- Swedish picture sleeve

Single by the Who

from the album My Generation
- B-side: "Shout and Shimmy" (UK); "Out in the Street" (US);
- Released: 29 October 1965 (UK); 20 November 1965 (US);
- Recorded: 13 October 1965
- Studio: IBC, London
- Genre: Rock; hard rock; proto-punk; power pop;
- Length: 3:18
- Label: Brunswick 05944 (UK) Decca 31877 (US);
- Songwriter: Pete Townshend
- Producer: Shel Talmy

The Who singles chronology
| "Anyway, Anyhow, Anywhere" (1965) | "My Generation" (1965) | "Substitute" (1966) |

Audio sample
- file; help;

= My Generation =

1965 single by the Who

"My Generation" is a song by the English rock band the Who, written by guitarist and primary songwriter Pete Townshend, from their debut album of the same name (1965). It was released as a single on 29 October 1965, reaching number two in the United Kingdom (their highest-charting single in their home country with 1966's "I'm a Boy") and number 74 in the United States. The song also appeared in greatly extended form on their live album Live at Leeds (1970).

One of the band's signature songs, "My Generation" was placed number 11 by Rolling Stone on its list of the "500 Greatest Songs of All Time" in 2004 and 2010, re-ranked number 232 in the 2021 edition. It was included in the Rock and Roll Hall of Fame's "500 Songs that Shaped Rock and Roll" and inducted into the Grammy Hall of Fame for being "historical, artistic and significant".

==Recording==
Townshend reportedly wrote the song on a train and is said to have been inspired by the Queen Mother, who is alleged to have had Townshend's 1935 Packard hearse towed off a street in Belgravia because she was offended by the sight of it during her daily drive through the neighbourhood. Townshend has also credited Mose Allison's "Young Man Blues" as the inspiration for the song, saying "Without Mose I wouldn't have written 'My Generation'."
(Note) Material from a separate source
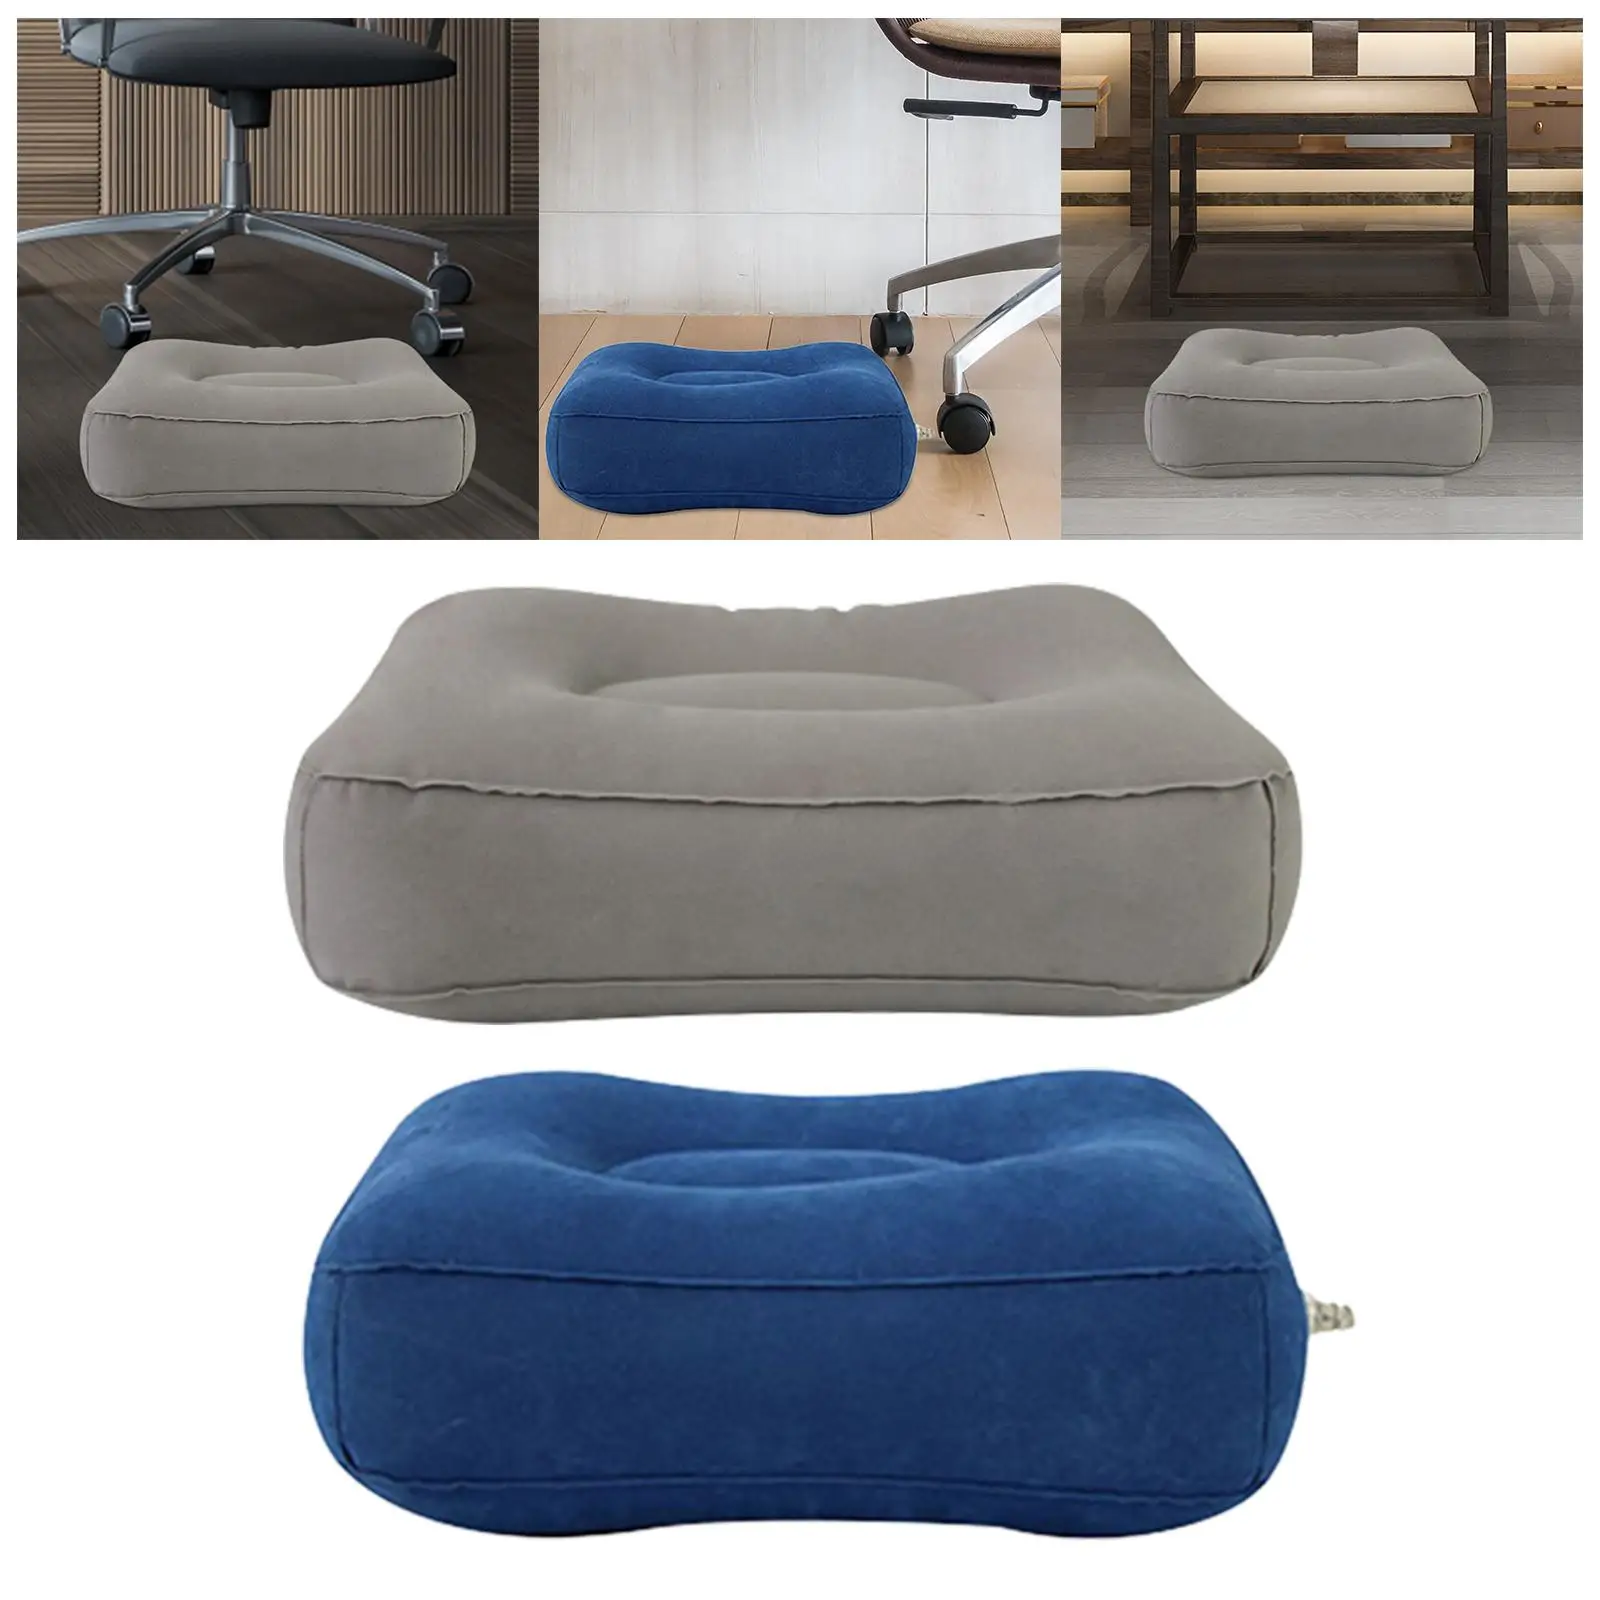 Foot Rest Pillow Foot Rest Cushion Inflatable Foot Rest Mat Inflatable Stool Ottoman for Airplane Camping Mat Train Office Home

The Who re-recorded the song for the Ready Steady Who EP in 1966; ultimately it was not included, and remained unissued until the 1995 remaster of A Quick One. The main difference between this version and the original is that it is heavily abridged and instead of the hail of feedback which closes the original, the band play a chaotic rendition of Edward Elgar's "Land of Hope and Glory". In the album's liner notes the song is thus credited to both Pete Townshend and Elgar.

==Composition==

=== Music and lyrics ===
Townshend told Rolling Stone in 1985 that 'My Generation' was "very much about trying to find a place in society." On a later interview for Good Morning America, in 1989, the band was discussing the upcoming 1989 tour to celebrate the 20th anniversary of Tommy, and Townshend talked about the famous line "I hope I die before I get old." He said that, for him, when he wrote the lyrics, "old" meant "very rich". The song's lyrics comprise a distilled statement of youthful rebellion. The song's melody and composition is considered a forebear to punk rock. One of the most quoted—and patently rewritten—lines in rock history is "I hope I die before I get old," famously sneered by lead singer Roger Daltrey.

For the band the song was the basis for an extended medley or improvisation, going on as long as fifteen minutes, as evinced by the version appearing on Live at Leeds. Live recordings from 1969 to 1970 include snippets of music from Tommy as well as parts of what would become "Naked Eye". Townshend's demo version of the song (together with a demo of "Pinball Wizard") appeared on a flexi disc included in the original edition of the book The Who: Maximum R&B by Richard Barnes.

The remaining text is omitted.